5 Questions with Lindsey Mendick

“It is political to talk about being a woman who is unashamedly insatiable.” Lindsey Mendick’s work is a riotous exploration of femininity, taste and identity.

Clever Girl, Lindsey Mendick

Graduating with an MA from the Royal College of Art in London this Summer, Mendick left the school with an outstanding installation. Oozing with ceramic profiteroles and prawns, swimming with Matisse-esque brush strokes and watched over by busts that wrapped and stretched their metres-long purple satin arms around the space, the piece was at once enticing, overwhelming and comforting.

The installation Clever Girl that you created for the RCA MA show had a huge presence. Can you tell me a bit about the work?

I think of Clever Girl as a sister exhibition to the installation I created whilst on exchange at the University of Texas, She’s Really Nice When You Get to Know Her. I felt a great deal of loneliness in America, and the works I created in the States became surreptitious offerings of friendship, willing those around me to warm to me and to comprehend how desperately I was trying to assimilate.

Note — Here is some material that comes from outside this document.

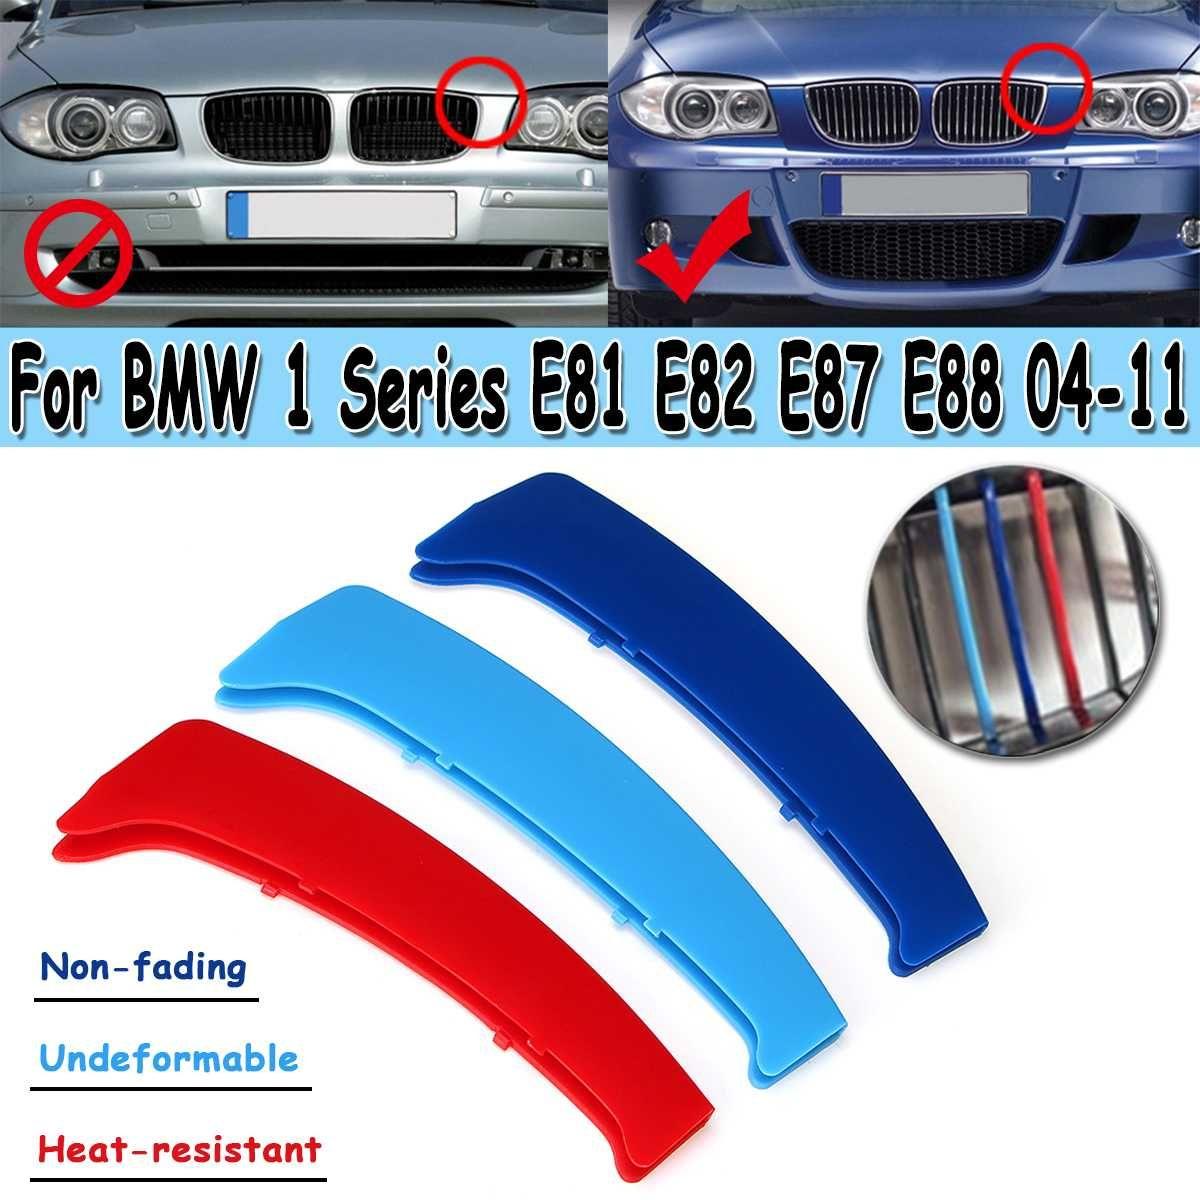 E81 HANDBRAKE LEVER BMW 1 SERIES REF#1 E87
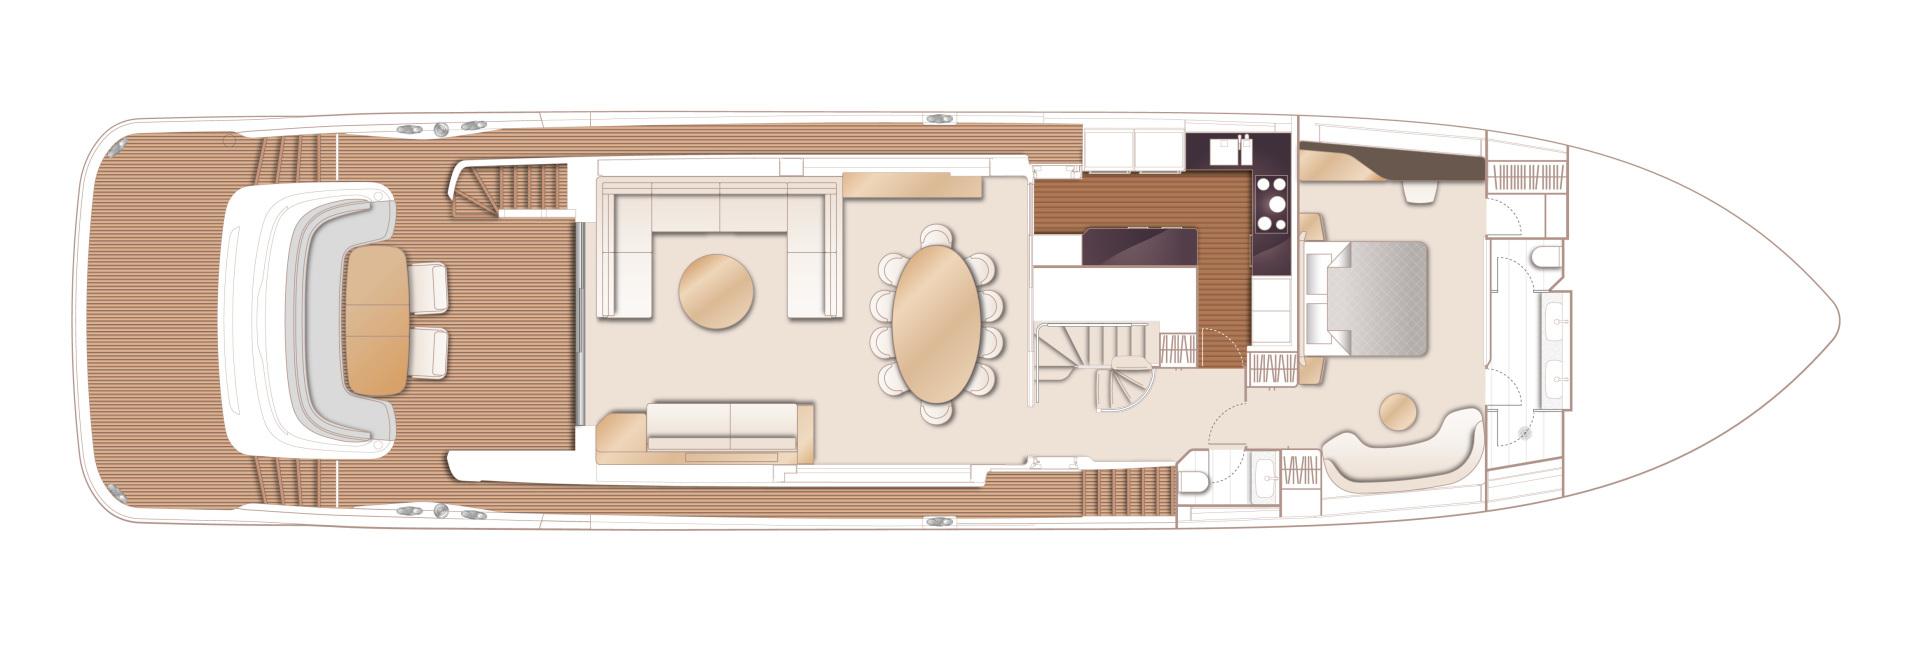 Princess-95 Motor Yacht 2022-Y95 Unknown-Florida-United States-1582781 | Thumbnail

Returning to the Royal College, I wanted to create an installation that revelled in the criticisms that I had been given about my work: too loud, too colourful, too feminine, too British. Clever Girl became an exploration of paradoxes: celebrating gluttony and admitting body issues, being simultaneously proud and scared to be female, understanding that home can be tempestuous and frightening but still the place where you belong.

I can’t stop thinking about that blue cheese wall! Food features heavily in your work, why is this?

Foodstuffs are an excellent vessel for exploring all aspects of culture, high and low, due to their inherent and essential involvement in all our lives. More importantly, many of us have very complicated and painful relationships with food and thus, our identity. The pieces I create are always offerings, morsels to share and invitations to the viewer to interact and share.

I was brought up in a household where my father constantly monitored my sister’s, mother’s and my own weight. If I ate too much or took a second helping, he would humiliate me, so it became something I did in private, I wouldn’t eat in front of men.

It is political to talk about being a woman who is unashamedly insatiable. Although it can be painful and embarrassing, I utilize foodstuff in order to talk about weightier issues such as loneliness, female oppression and sexual desire.

You work a lot with installation, creating whole sickly-sweet environments. What is it that makes installation so irresistible to you?

I often think of my installations as sets, domestic rooms in which to tell a particular story or address a particular theme. The ceramics are usually my protagonists, the walls my backdrops, the furniture and plinths a way to encourage the audience to navigate the space and forge a dialogue with the work.

Creating work is such a privilege, I have a deep anxiety of disappointing the viewer. After being incapacitated by depression, I truly feel that time is precious and if a viewer is giving you theirs, then put on a fucking good show.

Your painting alludes to Impressionist and Post-Impressionist painters like Monet and Matisse, artists whose work is seen as “serious” painting. Why make these references?

When first studying art, our homework was always to copy masterpieces, art created by men. I agonized over Monet’s lilies, Botticelli’s Venus, Picasso’s crying woman and, of course, Van Gogh’s sunflowers, greedily absorbing and reproducing each mark by them, my success only being validated by how proficiently I could duplicate a man’s art.

When I started at the Royal College, I visited the Courtauld and became enamoured by the work of the Wild Beasts. I started painting large-scale banners with Raoul Dufy’s flowers and Matisse’s interiors at the forefront of my mind. I wanted to show my appreciation of these greats and hark back to this peculiar and archaic way of studying art.

The reaction to the banners was hilarious. I was told by lots of men that they couldn’t relate to the work’s camp subject matter of flowers and interiors, or were put off by my gregarious and sickly sweet colour palette. Yet at this time, Painting the Modern Garden: Monet to Matisse at the Royal Academy was the most popular show of the year. I literally had to battle sandal-wearing old men to get a peek at a Cezanne.

I realized then that citing these “serious” male painters meant that I could have the freedom to paint whatever I wanted without the fear of being dismissed or, if I was, I could take ownership of this dismissal.

Discussion around feminism has come back into the mainstream massively in the last few years. How do you want your work to fit into this? Do you want your art to be seen as feminist art?

In 2017 I collaborated with numerous incredible female artists to curate two exhibitions that explore the position of the female artist in the present political climate: Sell Yourself and Herland. As I utilize ceramics, textiles and pastel coloured paint, my work will be deemed feminine, but in using these I am able to erupt these clichés and reauthorize the connotations of the word. I want to challenge viewers to consider that desire, ambition, anger and greed can be womanly attributes.

Do I want my work to be seen as feminist art? Of course, I do. Feminist isn’t a filthy word. A feminist believes that women should be socially, politically and economically equal to men. If my practice promotes that successfully in any way, then I would relish the label of being a feminist artist.